Quando chegámos ao fim do livro, fomos ler o que tínhamos escrito. À primeira leitura, percebi imediatamente o problema com os capítulos que eu tinha escrito. O escritor João Tordo também percebeu. Disse-me: «Os capítulos 2, 6 e 8 são bons. Mas os capítulos 4 e 10 são uma ameaça ao bom nome da literatura.» Eu expliquei-lhe que nos dias em que escrevera os capítulos 4 e 10 não tinha comprado o jornal e que, por isso mesmo, não tinha sudokus em casa. O João Tordo disse: «O quê» Eu respondi: «Toda a gente sabe da minha necessidade de fazer um sudoku matinal antes de começar a trabalhar. As palavras saem-me com outro ímpeto.» Ele revirou os olhos e eu vi a paciência a escapar-lhe pelas córneas.


As revisões levaram-nos quase duas semanas. No final, feitas as contas, demorámos mais um mês do que o previsto para escrever aquele primeiro livro. Eu disse: «Não vamos conseguir publicar um livro por mês.» O João Tordo pensou uns segundos e depois sugeriu: «Podíamos publicar de dois em dois meses.
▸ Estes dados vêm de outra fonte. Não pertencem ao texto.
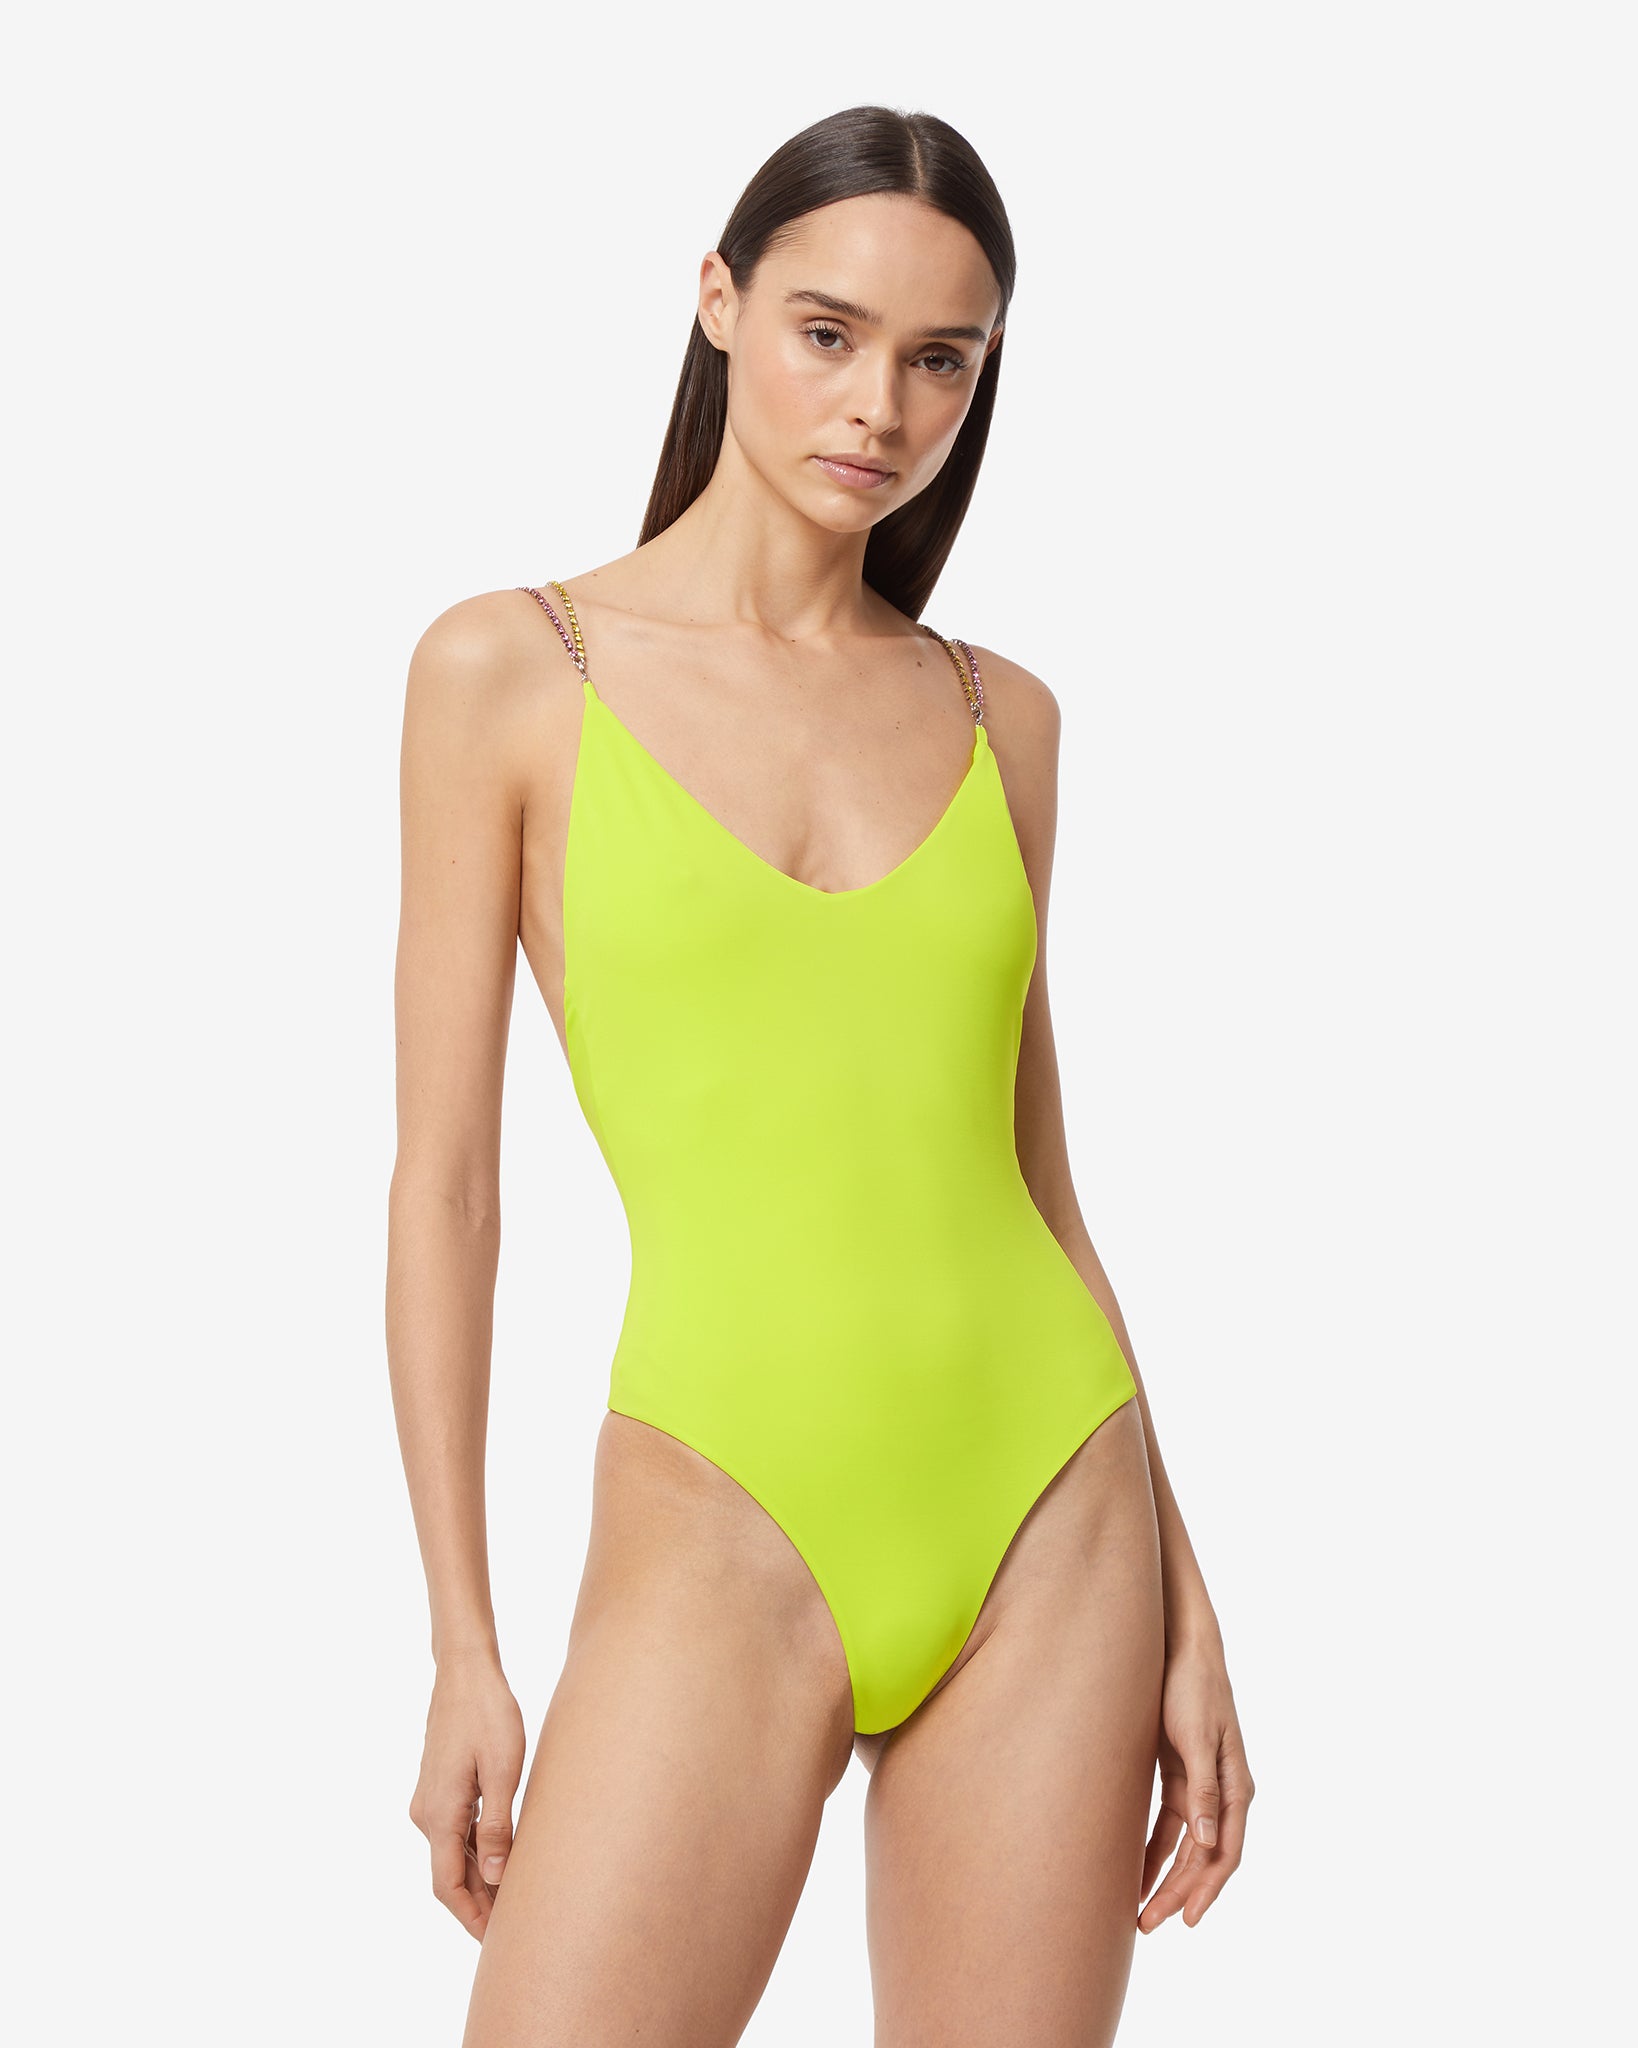 VKEKIEO One-Piece Swimsuit One Shoulder Bra Style Support Green L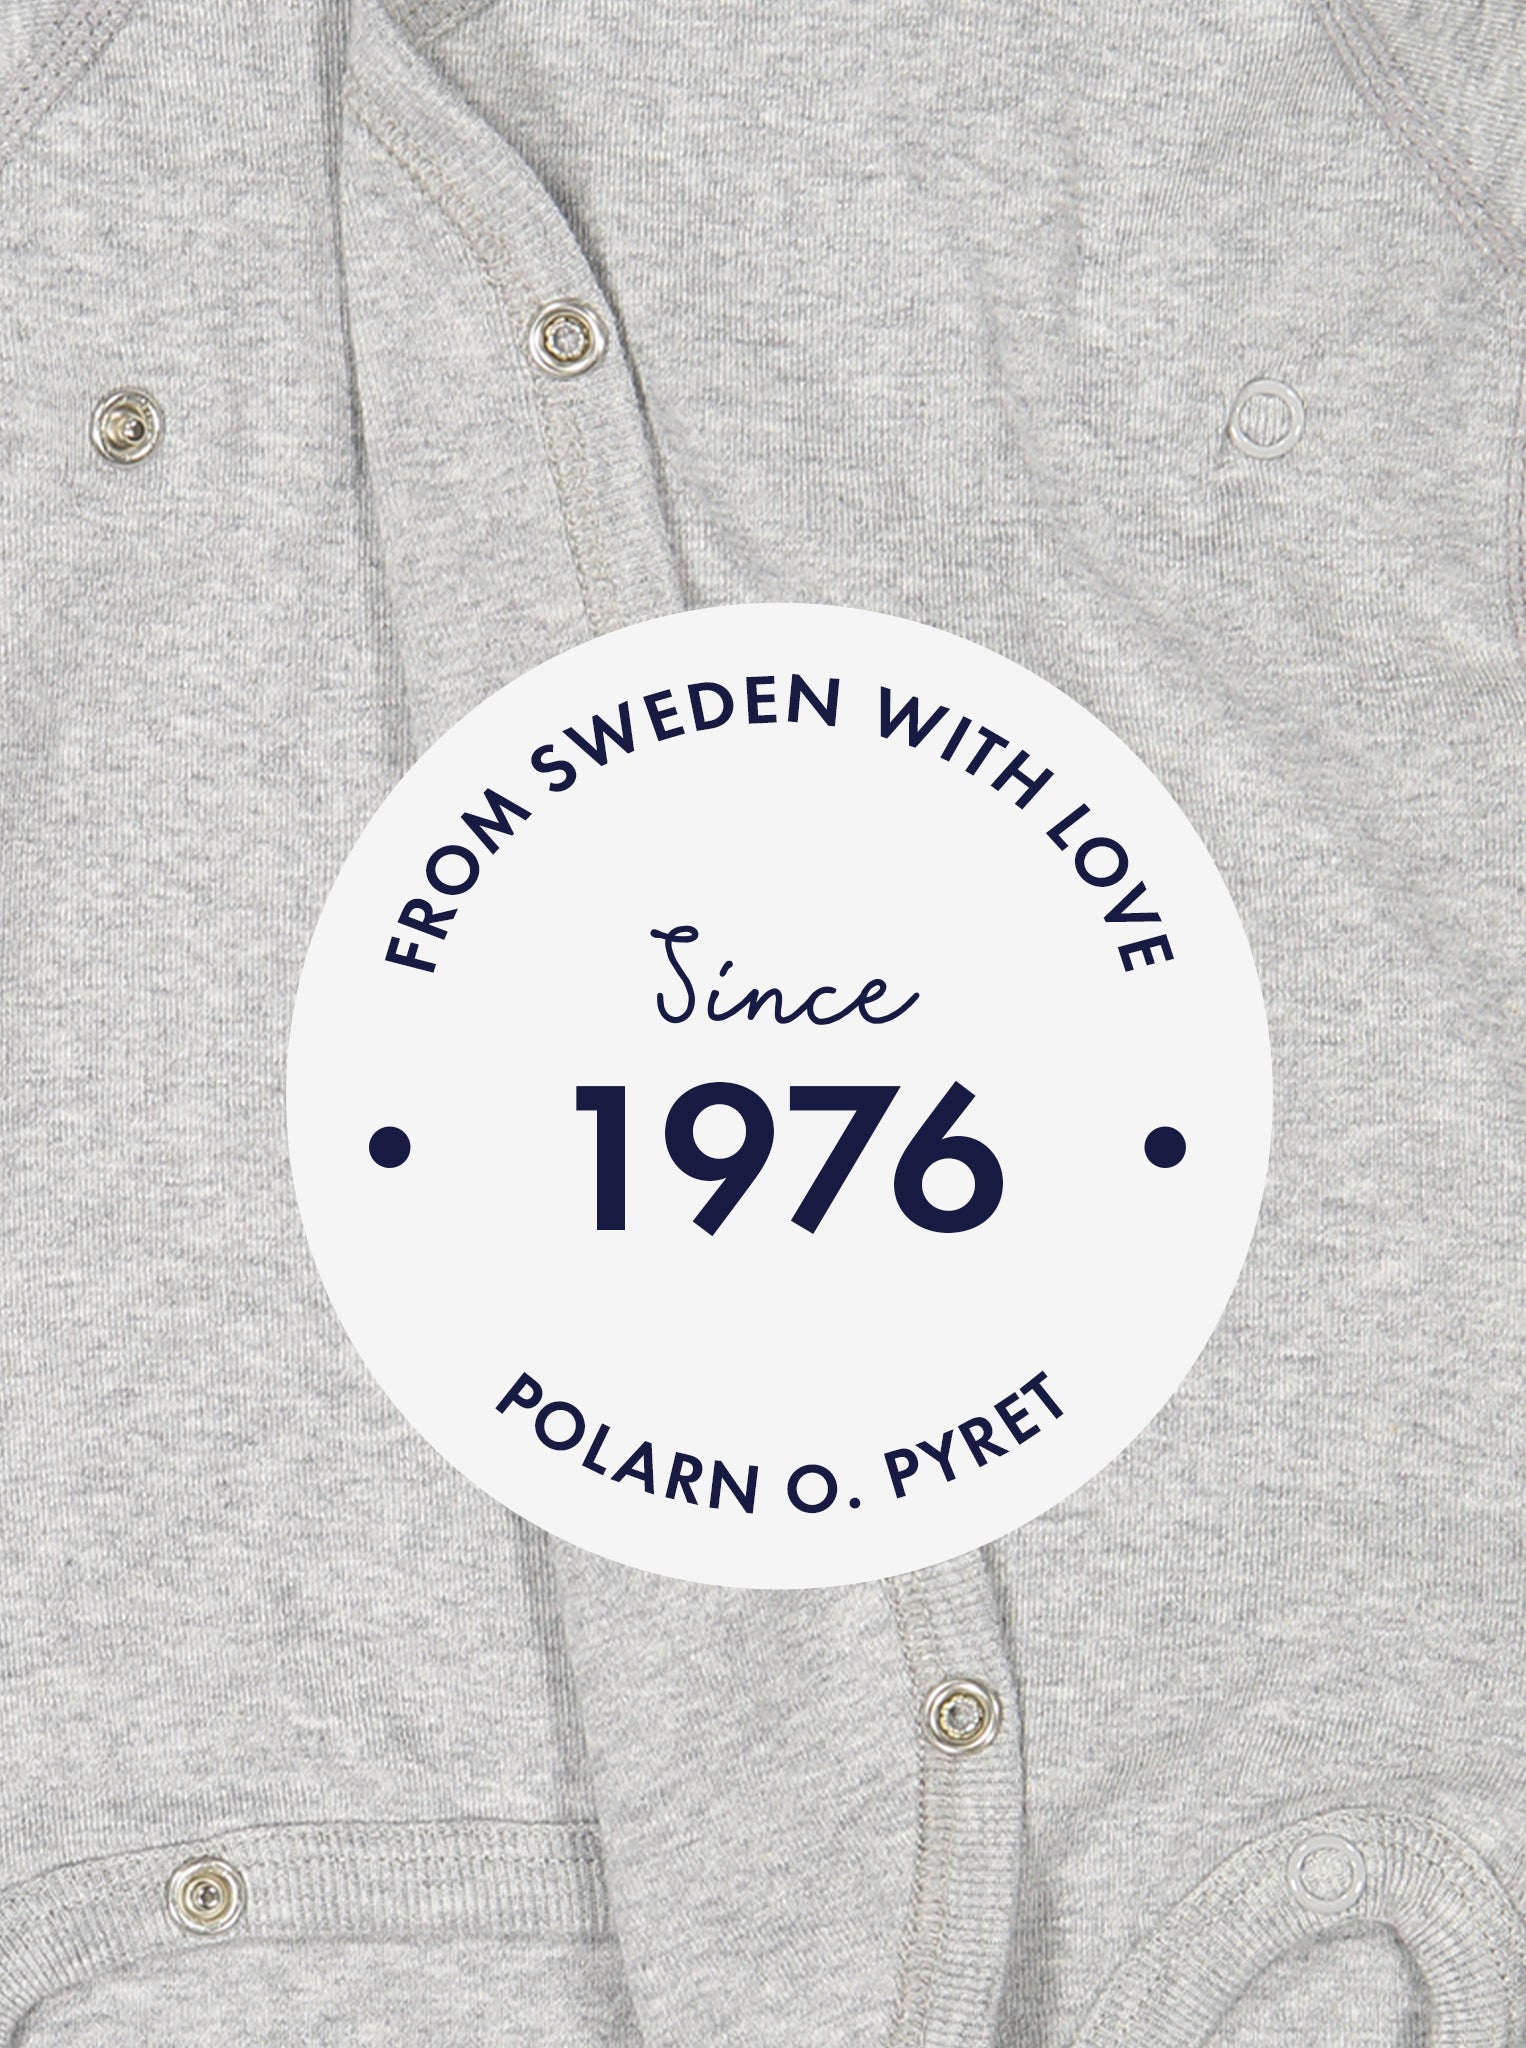 Polarn o. pyret 1976 logo on grey babygrow

Eu disse: «Nesse caso, o assassino da nossa história terá de matar alguém de dois em dois meses.» O João Tordo deitou as mãos à cabeça e depois de meio segundo de ponderação disse: «Esquece. É melhor não escrevermos um livro juntos.»


Há três dias liguei ao João Tordo. Disse-lhe: «Escrevi um texto sobre o livro que escrevemos juntos.» Ele respondeu: «Nós não escrevemos nenhum livro juntos.» «Eu sei», disse eu. «Mas tinha de escrever um texto sobre escritores inconstantes para apresentar no Funchal e foi o que me veio à cabeça.» Ele pediu-me que lesse o texto, este texto, e eu li. Ele só disse: «Vou pensar no assunto.»


Ontem à noite, ele ligou-me. Deu-me autorização para ler o texto em público. Antes de desligar acrescentou: «Tenho estado a pensar nessa história do assassino que mata no primeiro dia de cada mês. Talvez pudéssemos mesmo escrever esse livro os dois.» Eu deitei as mãos à cabeça e depois meio segundo de ponderação respondi: «Esquece. Não é boa ideia.»